Task brief: Copy the entries exactly, through the "Buntesgeometrisches Samsung-logo-bild" line.

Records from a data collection
----------
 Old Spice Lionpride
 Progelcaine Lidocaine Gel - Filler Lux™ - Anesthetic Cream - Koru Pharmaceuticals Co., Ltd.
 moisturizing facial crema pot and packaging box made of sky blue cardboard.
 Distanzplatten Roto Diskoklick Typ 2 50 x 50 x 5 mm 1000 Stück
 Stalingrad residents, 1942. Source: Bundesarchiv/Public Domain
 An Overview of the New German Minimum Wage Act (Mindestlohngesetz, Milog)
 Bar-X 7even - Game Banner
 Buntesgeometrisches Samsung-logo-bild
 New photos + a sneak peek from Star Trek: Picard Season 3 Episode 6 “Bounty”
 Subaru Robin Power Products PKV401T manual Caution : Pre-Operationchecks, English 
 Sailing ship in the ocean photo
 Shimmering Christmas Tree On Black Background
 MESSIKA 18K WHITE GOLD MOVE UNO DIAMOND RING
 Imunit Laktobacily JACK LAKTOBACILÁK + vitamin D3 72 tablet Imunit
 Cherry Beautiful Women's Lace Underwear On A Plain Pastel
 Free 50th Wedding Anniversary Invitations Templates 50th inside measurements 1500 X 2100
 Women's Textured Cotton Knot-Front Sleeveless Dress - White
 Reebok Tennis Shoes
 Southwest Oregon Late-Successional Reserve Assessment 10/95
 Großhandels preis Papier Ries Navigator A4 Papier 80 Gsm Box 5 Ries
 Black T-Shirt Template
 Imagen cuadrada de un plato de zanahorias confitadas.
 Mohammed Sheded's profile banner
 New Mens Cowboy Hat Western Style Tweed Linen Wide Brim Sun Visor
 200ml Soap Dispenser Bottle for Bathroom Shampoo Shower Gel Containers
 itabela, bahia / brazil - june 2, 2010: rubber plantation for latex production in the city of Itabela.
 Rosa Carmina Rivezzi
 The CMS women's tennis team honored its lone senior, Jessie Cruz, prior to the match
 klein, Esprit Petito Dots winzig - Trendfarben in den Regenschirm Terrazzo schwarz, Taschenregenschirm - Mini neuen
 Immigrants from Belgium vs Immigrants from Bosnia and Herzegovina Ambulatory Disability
----------
Answer box:
 Old Spice Lionpride
 Progelcaine Lidocaine Gel - Filler Lux™ - Anesthetic Cream - Koru Pharmaceuticals Co., Ltd.
 moisturizing facial crema pot and packaging box made of sky blue cardboard.
 Distanzplatten Roto Diskoklick Typ 2 50 x 50 x 5 mm 1000 Stück
 Stalingrad residents, 1942. Source: Bundesarchiv/Public Domain
 An Overview of the New German Minimum Wage Act (Mindestlohngesetz, Milog)
 Bar-X 7even - Game Banner
 Buntesgeometrisches Samsung-logo-bild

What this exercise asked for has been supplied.